**Task directions:**
Copy the data precisely, character for character, and leave out every picture.

BEGIN Data block

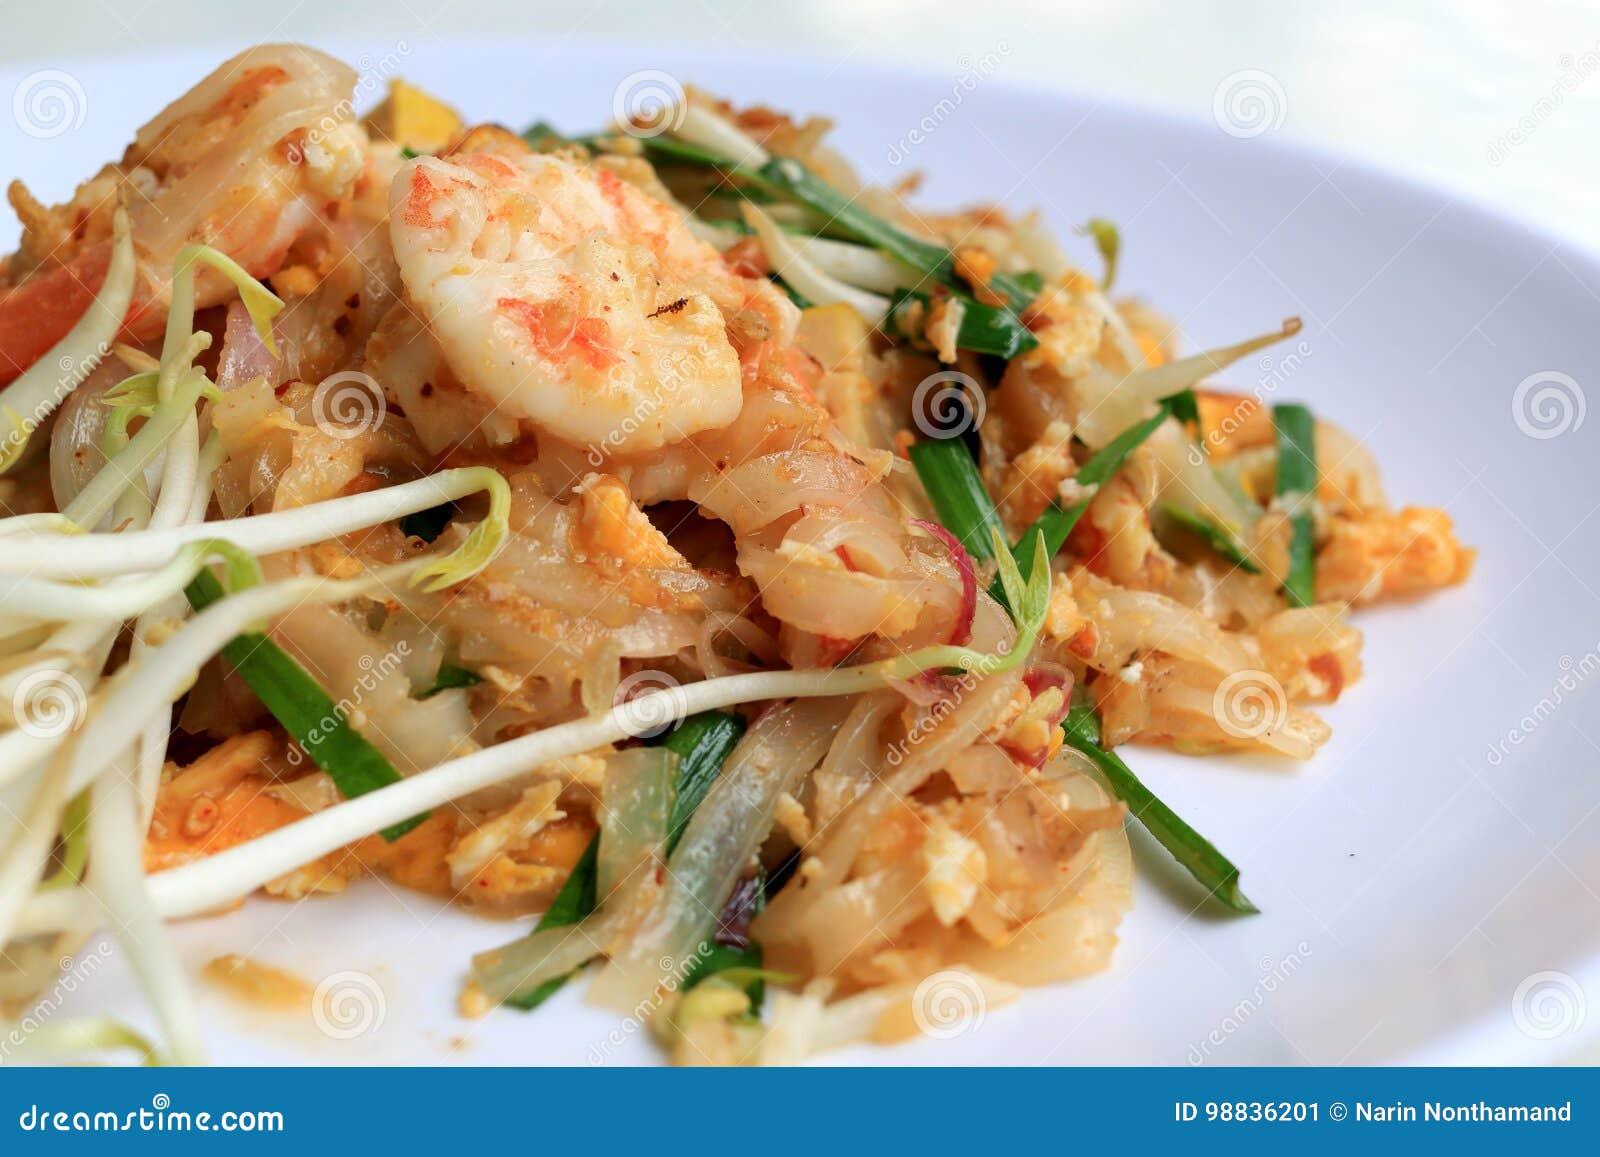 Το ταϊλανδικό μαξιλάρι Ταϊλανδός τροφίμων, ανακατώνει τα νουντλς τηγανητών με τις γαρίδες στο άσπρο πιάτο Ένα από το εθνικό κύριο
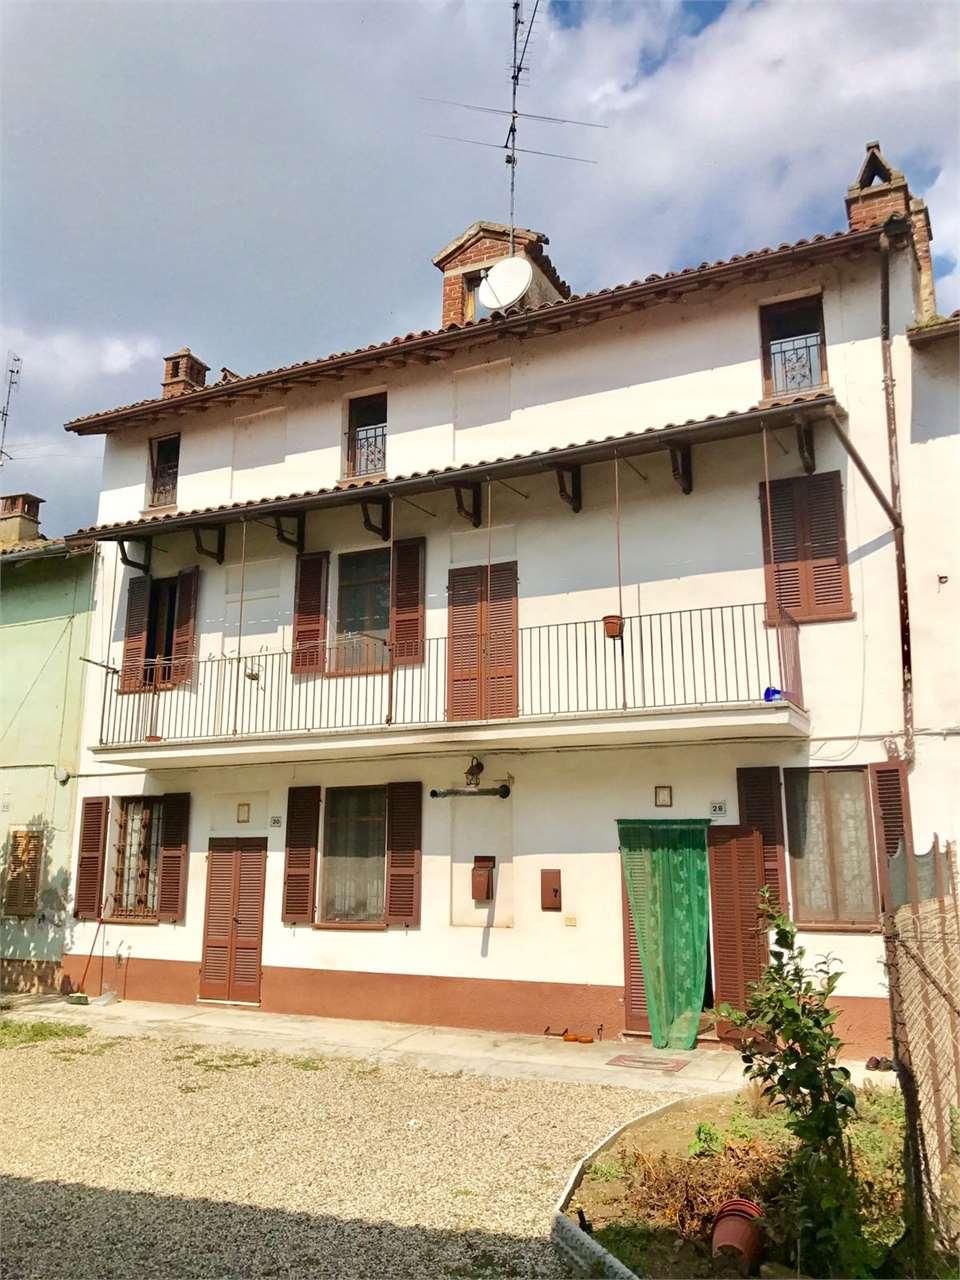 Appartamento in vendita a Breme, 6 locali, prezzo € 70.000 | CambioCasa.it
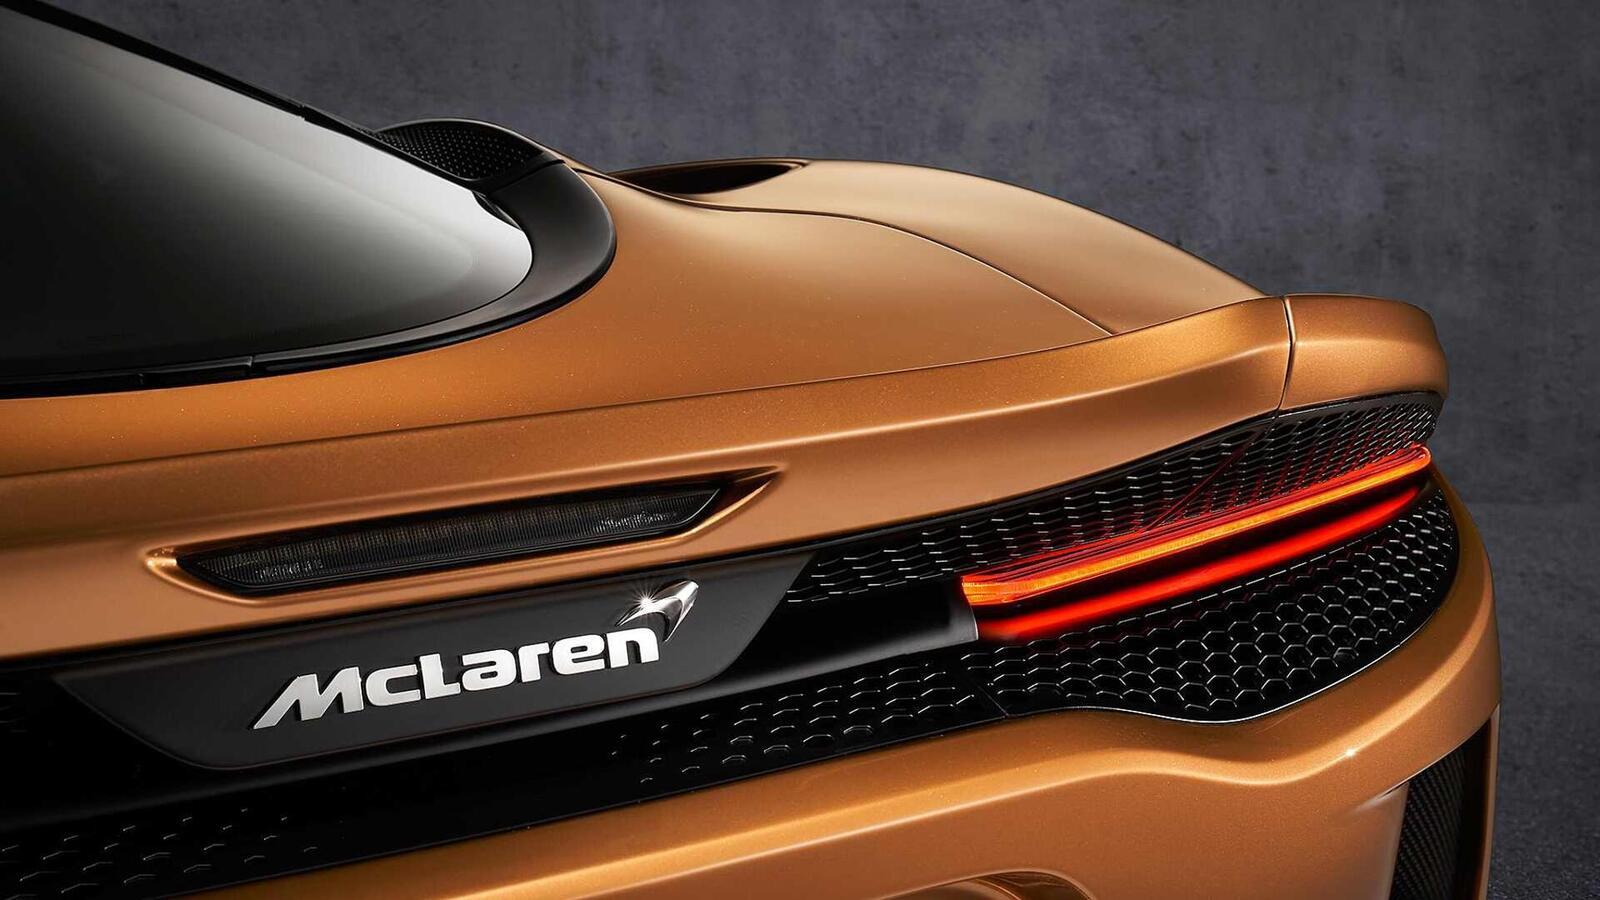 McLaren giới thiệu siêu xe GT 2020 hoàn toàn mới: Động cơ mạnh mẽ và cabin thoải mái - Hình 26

END Data block

**Solution for this task:**
 Το ταϊλανδικό μαξιλάρι Ταϊλανδός τροφίμων, ανακατώνει τα νουντλς τηγανητών με τις γαρίδες στο άσπρο πιάτο Ένα από το εθνικό κύριο
 Appartamento in vendita a Breme, 6 locali, prezzo € 70.000 | CambioCasa.it
 McLaren giới thiệu siêu xe GT 2020 hoàn toàn mới: Động cơ mạnh mẽ và cabin thoải mái - Hình 26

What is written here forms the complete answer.